_DATA SHOWN_
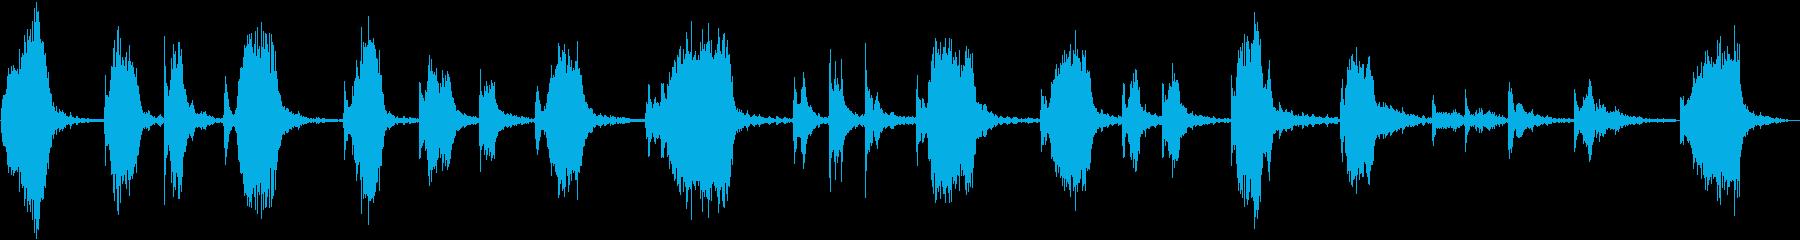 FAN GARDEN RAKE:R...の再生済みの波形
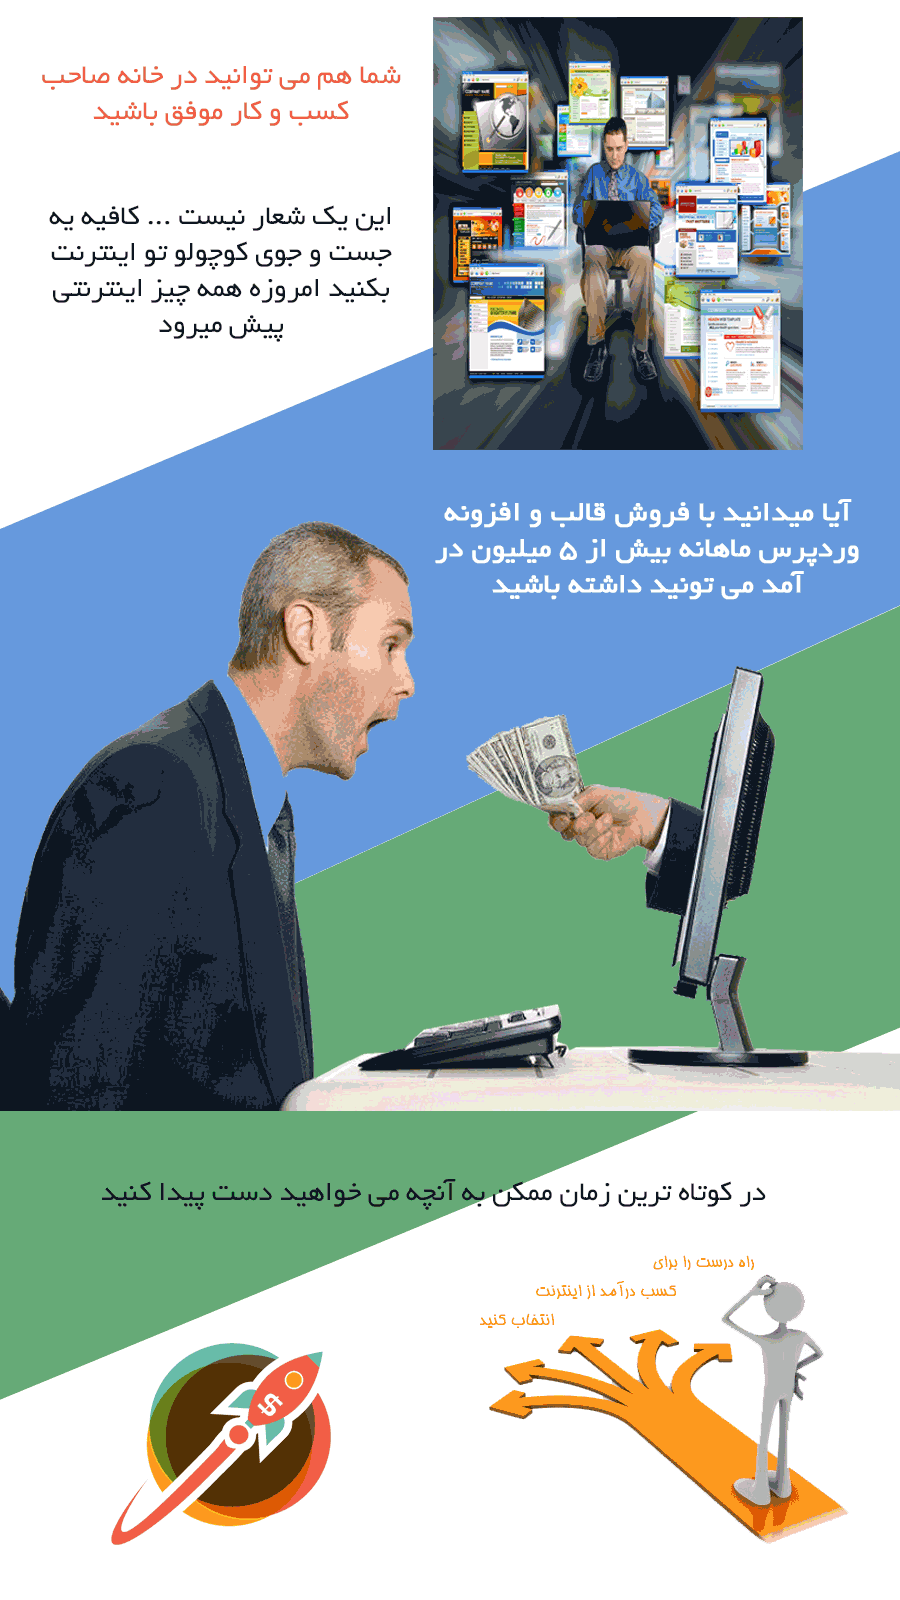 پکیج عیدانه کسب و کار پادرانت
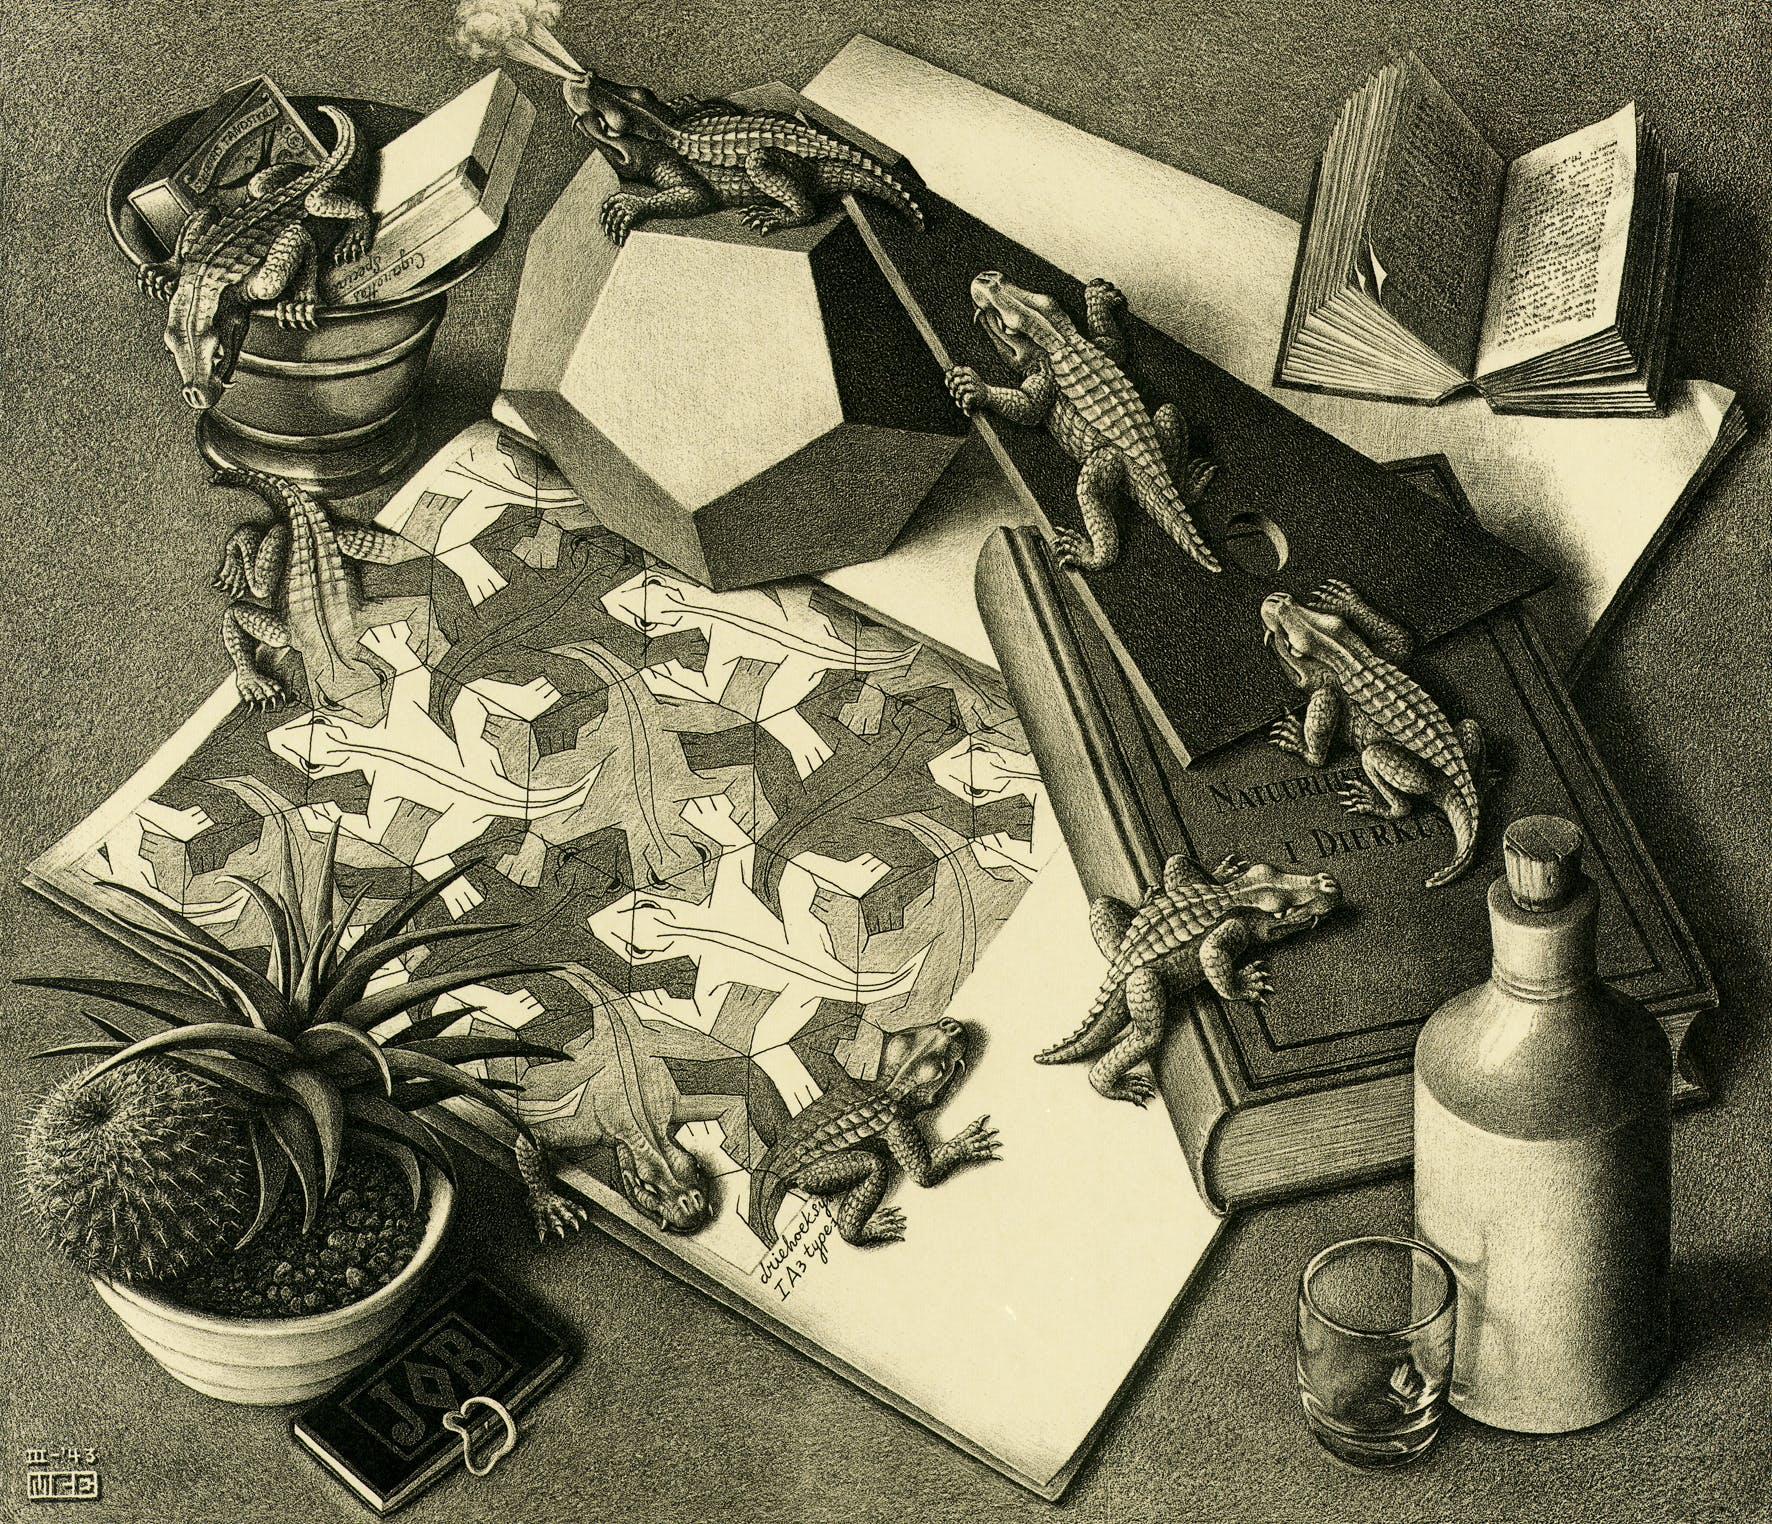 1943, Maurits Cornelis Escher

_TASK ITEM_
Only the text of the material belongs in your copy, which must match the original exactly.

_WRITTEN SOLUTION_
 FAN GARDEN RAKE:R...の再生済みの波形
 پکیج عیدانه کسب و کار پادرانت
 1943, Maurits Cornelis Escher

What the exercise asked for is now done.